Olusegun OLATUNJI, Petitioner, v. Jefferson B. SESSIONS III, Attorney General of the United States, Respondent.

No. 17-2895

Decided: May 22, 2018

Before Frank H. Easterbrook, Circuit Judge, Diane S. Sykes, Circuit Judge, Michael Y. Scudder, Circuit Judge Olusegun Olatunji, Pro Se Andrew J. Oliveira, Attorney, Department of Justice, Civil Division, Immigration Litigation, Washington, DC, for Respondent


In 2015 an Immigration Judge ordered Olusegun Olatunji removed to his native Nigeria. In 2016 the Board of Immigration Appeals dismissed his appeal, and Olatunji did not file a petition for judicial review. Instead he asked the Board to reconsider its decision and reopen the case to consider information that he submitted after the Board’s initial decision. The Board denied those requests, and we denied his petition for review. Olatunji v. Sessions, 676 Fed.Appx. 593 (7th Cir. 2017) (nonprecedential disposition).

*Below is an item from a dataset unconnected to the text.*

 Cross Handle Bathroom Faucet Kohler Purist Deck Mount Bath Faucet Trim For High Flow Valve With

Olatunji then filed a second motion for reopening and reconsideration. The Board denied that motion as both untimely and barred by the rule that only one such motion is proper. See 8 U.S.C. § 1229a(c)(6), (7). Olatunji again petitions for judicial review. He asks us to review the Board’s initial decision (from 2016) rather than its order denying his second request for reconsideration and reopening. We have no authority to do that. Petitions for judicial review must be filed within 30 days of the administrative decision being challenged. 8 U.S.C. § 1252(b)(1). Whether or not that time limit is “jurisdictional” under the Supreme Court’s current jurisprudence, it is at least a mandatory claim-processing rule. See Hamer v. Neighborhood Housing Services of Chicago, ––– U.S. ––––, 138 S.Ct. 13, 199 L.Ed.2d 249 (2017). The Attorney General has invoked the benefit of the 30-day limit, so the only administrative decision we can consider is the one entered on August 10, 2017, denying Olatunji’s second motion.

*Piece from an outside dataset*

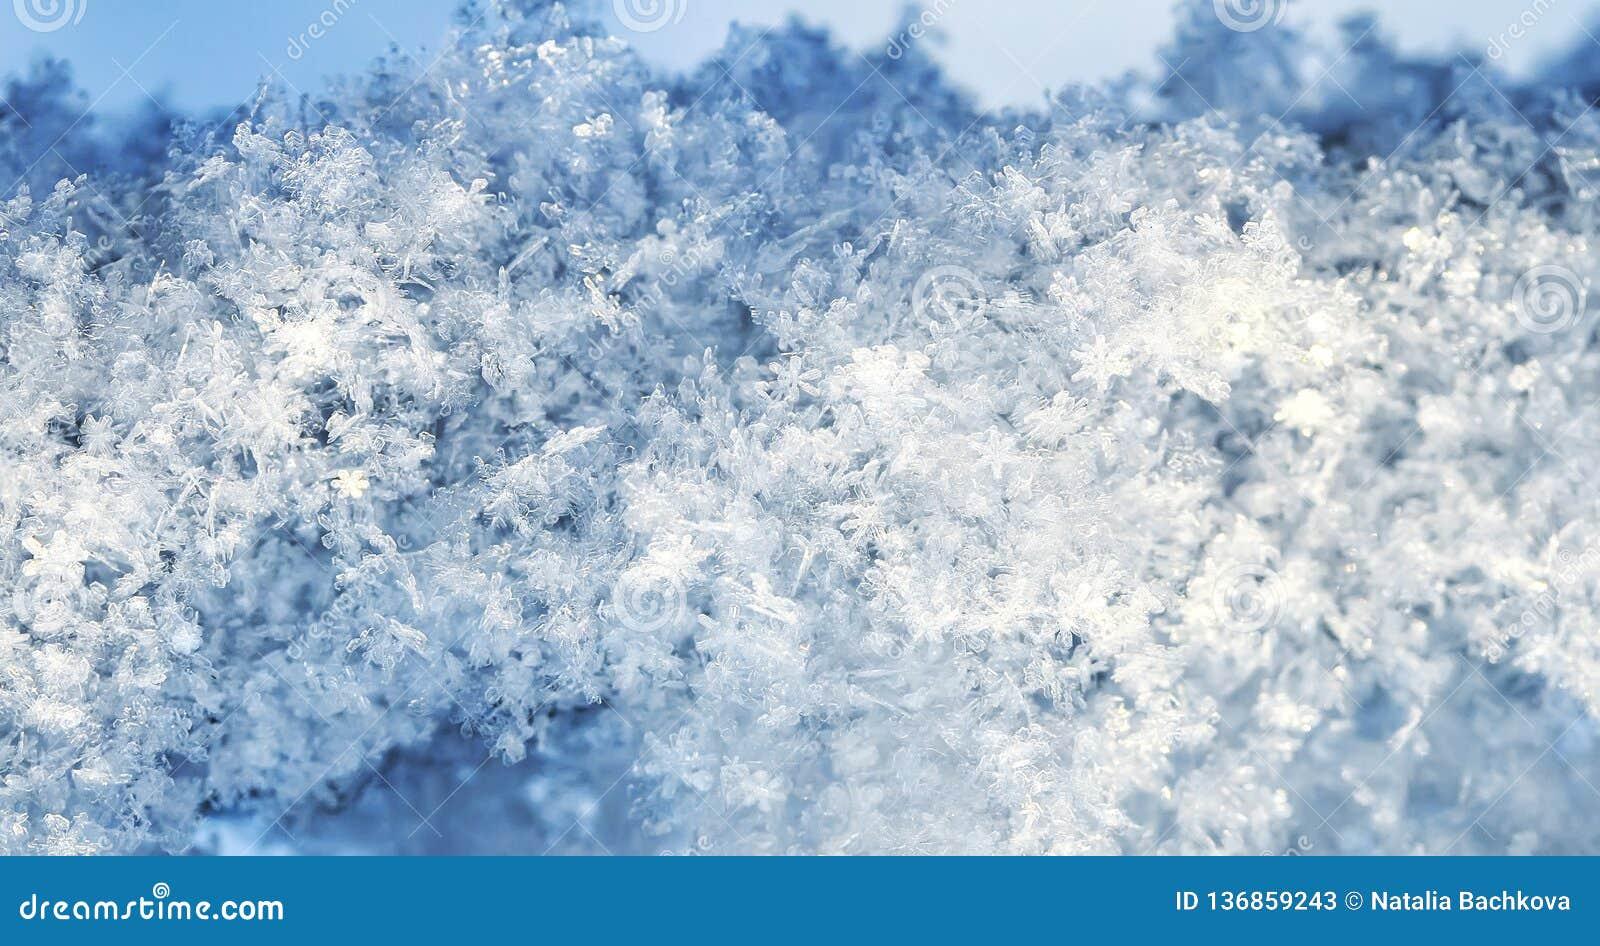 предпосылка много снежинок различных форм и shimmer текстуры в солнце на ясный зимний день

Yet Olatunji does not contest the Board’s conclusion that his motion was both untimely and successive. Instead he maintains that the Board should have reopened his case sua sponte—in other words, should have exercised discretion to disregard the time-and-number limits on aliens’ post-decision motions. That contention encounters a genuinely jurisdictional rule: whether to reopen a decision sua sponte is committed to agency discretion by law, see Anaya-Aguilar v. Holder, 683 F.3d 369, 372–73 (7th Cir. 2012), and 8 U.S.C. § 1252(a)(2)(B) provides that “no court shall have jurisdiction to review” any decision that the statute commits to the discretion of the Attorney General. (There are some exceptions, none of which applies to sua sponte reopening.) Reyes Mata v. Lynch, ––– U.S. ––––, 135 S.Ct. 2150, 192 L.Ed.2d 225 (2015), holds that a decision whether to dismiss a petition as untimely is not discretionary for this purpose and thus may be reviewed; but whether to reopen sua sponte is wholly discretionary. We lack authority to review it.

The petition for review is dismissed for lack of jurisdiction.